Après avoir analysé toutes les données disponibles, les experts du KCE et de l’Universiteit Antwerpen, ont conclu que le PPV23 et le PCV13 sont tous deux susceptibles de réduire le nombre d’épisodes de maladies à pneumocoques (et de décès) chez les personnes entre 50 et 84 ans, mais qu’il n’est pas possible d’affirmer avec certitude que, dans l’absolu, l’un des deux a plus d’impact que l’autre, étant donné les possibles évolutions de l’épidémiologie et des données scientifiques disponibles au sujet de l’efficacité de ces deux vaccins. Par ailleurs, au-delà de 85 ans, aucun des deux vaccins n’a fait la preuve de son efficacité. Le choix de vacciner ou non dans cette tranche d’âge doit alors se faire au cas par cas.
La vaccination des nourrissons brouille les cartes
Mais, dans le cas du pneumocoque, le choix du vaccin doit aussi tenir compte d’un autre facteur plus surprenant : l’effet de la vaccination des nourrissons. En effet, dans les pays comme le nôtre, où les bébés sont quasi tous vaccinés contre le pneumocoque, la transmission ‘naturelle’ de la bactérie est profondément modifiée. Les sérotypes contre lesquels protège le vaccin diminuent tandis que d’autres sérotypes, non ciblés par le vaccin des nourrissons, deviennent plus fréquents. Résultat : étant donné que les nourrissons belges ont été vaccinés pendant plusieurs années avec le PCV13, les sérotypes actuellement couverts par ce vaccin circulent progressivement moins dans la population âgée et l’impact de ce vaccin diminue donc de plus en plus.
À l’inverse, les 11 sérotypes supplémentaires présents uniquement dans le PPV23 sont aujourd’hui responsables de 42% des maladies à pneumocoques les plus graves. C’est d’ailleurs pour cette raison que le CSS avait recommandé, en 2014, de compléter le PCV13 par le PPV23 de manière à protéger les patients contre les sérotypes non couverts par PCV13.

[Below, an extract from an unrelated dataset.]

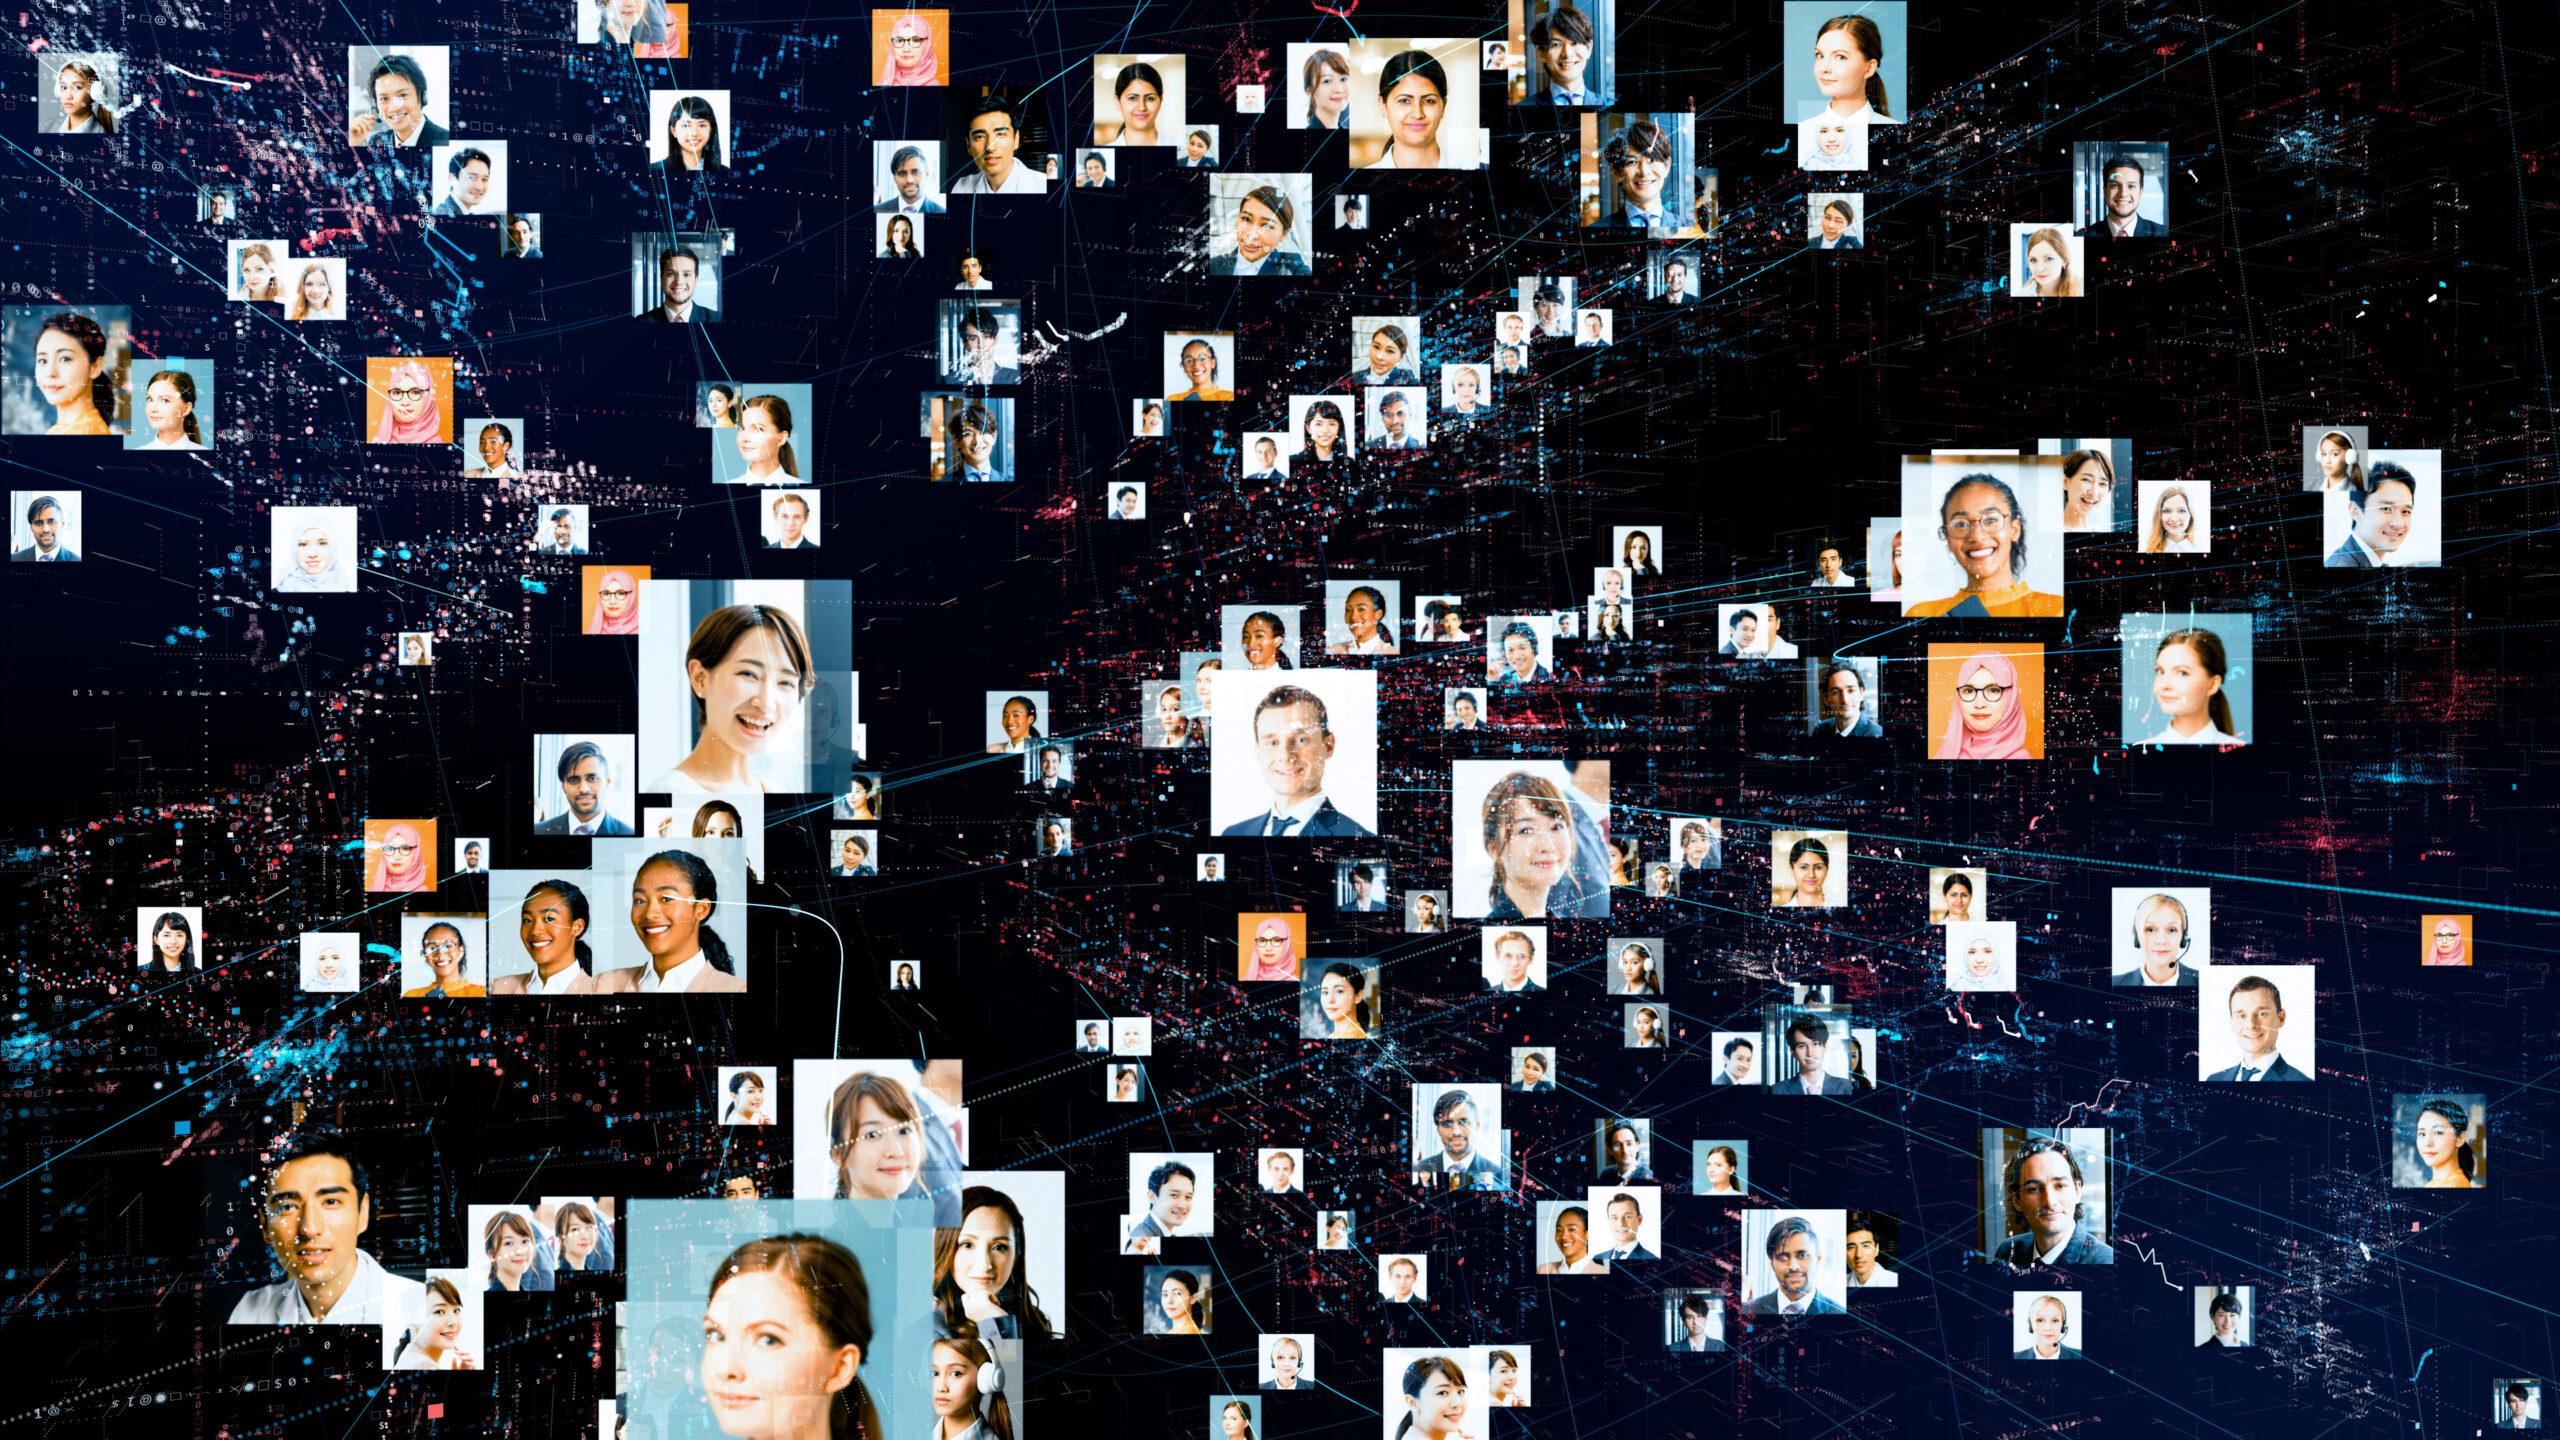 Human computer interaction concept image. Image credit: iStock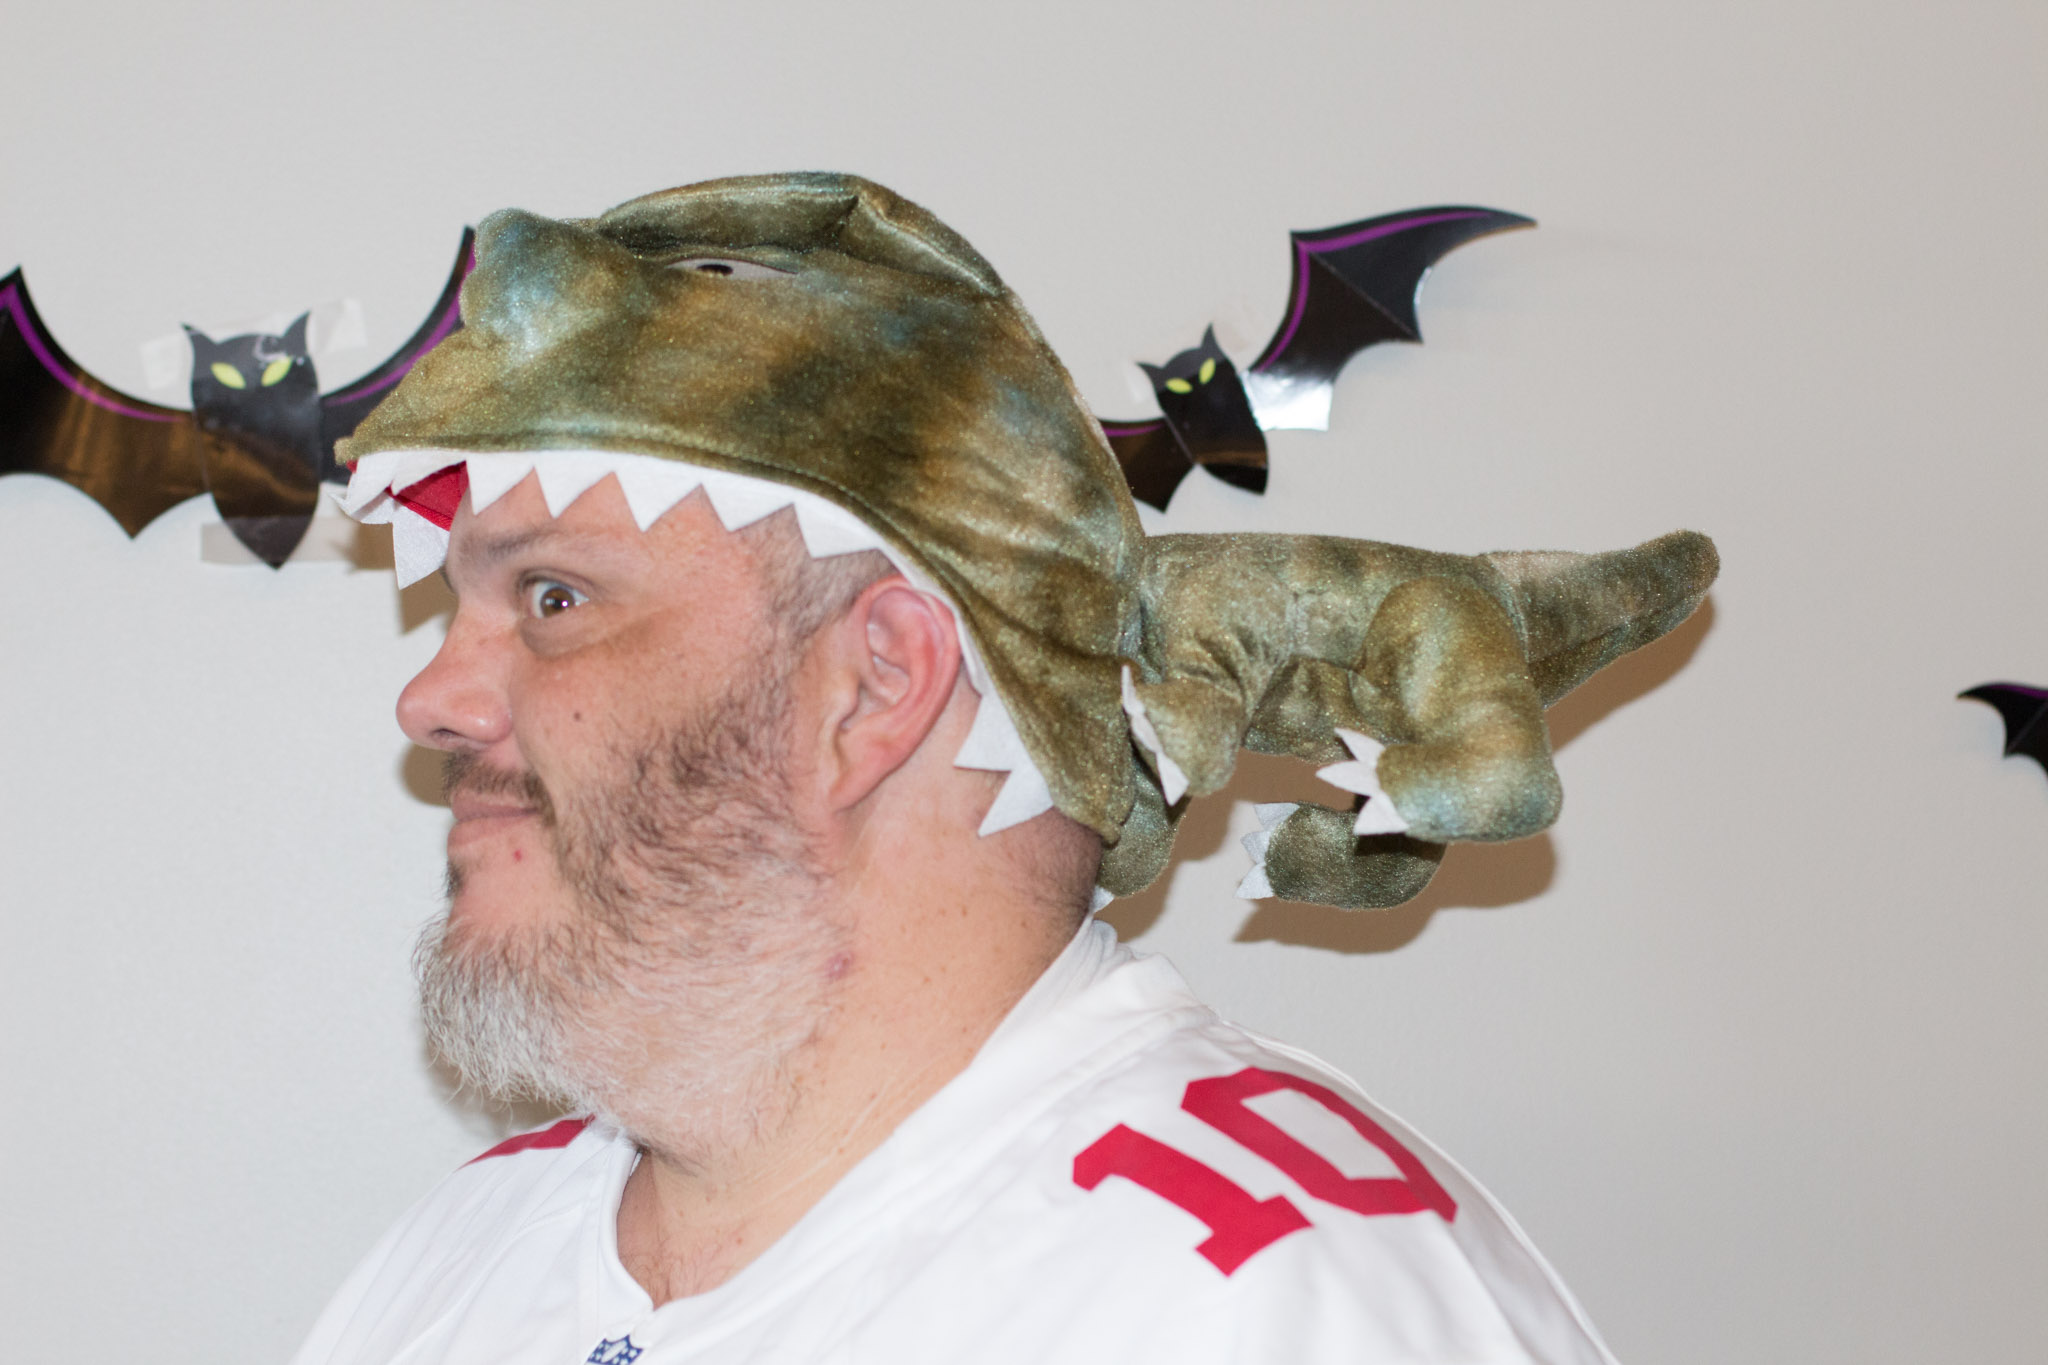 CJ Werlinger - Guy Being Eaten by a Baby Dinosaur

Le PPV23, plus coût-efficace que le PCV13
Mais une telle vaccination combinée, outre qu’elle revient fort cher au patient (+100 € tant qu’il n’y a pas de remboursement), ne permet d’éviter ‘que’ quelques hospitalisations et décès supplémentaires, pour un coût très élevé : plus de 500 000 € par année (gagnée) de vie en bonne santé, ce qui est nettement plus élevé que la vaccination avec le PPV23 seul (voir encadré).
D’après les estimations du KCE et de l’Universiteit Antwerpen, la stratégie qui offre le meilleur rapport coût-efficacité est la vaccination avec le PPV23 des personnes de 75 à 84 ans.
En quelques chiffres :
La vaccination par PPV23 coûterait en moyenne 83 000 €, 60 000 € et 52 000 € par QALY pour les tranches d’âge respectives de 50-64, 65-74 et 75-84 ans(compte tenu du coût de la vaccination mais aussi du coût des traitements évités).
Le choix du PCV13 représenterait des coûts par QALY significativement plus élevés : environ 201 000 €, 171 000 € et 338 000 € respectivement, pour les mêmes tranches d’âge.
L’ajout du PCV13 au PPV23 (recommandation du CSS) ne permettrait d’éviter ‘que’ quelques hospitalisations et décès supplémentaires par rapport au PPV23 seul, et ce à un coût par QALY supérieur à 500 000 € pour la tranche d’âge 75-84 ans.
Un QALY (Quality-adjusted Life-Year) correspond à une année de vie gagnée, pondérée par la qualité de vie. Il s’agit de l’unité de mesure d’un bénéfice de santé. Elle englobe à la fois la « quantité de vie » et la « qualité de vie ».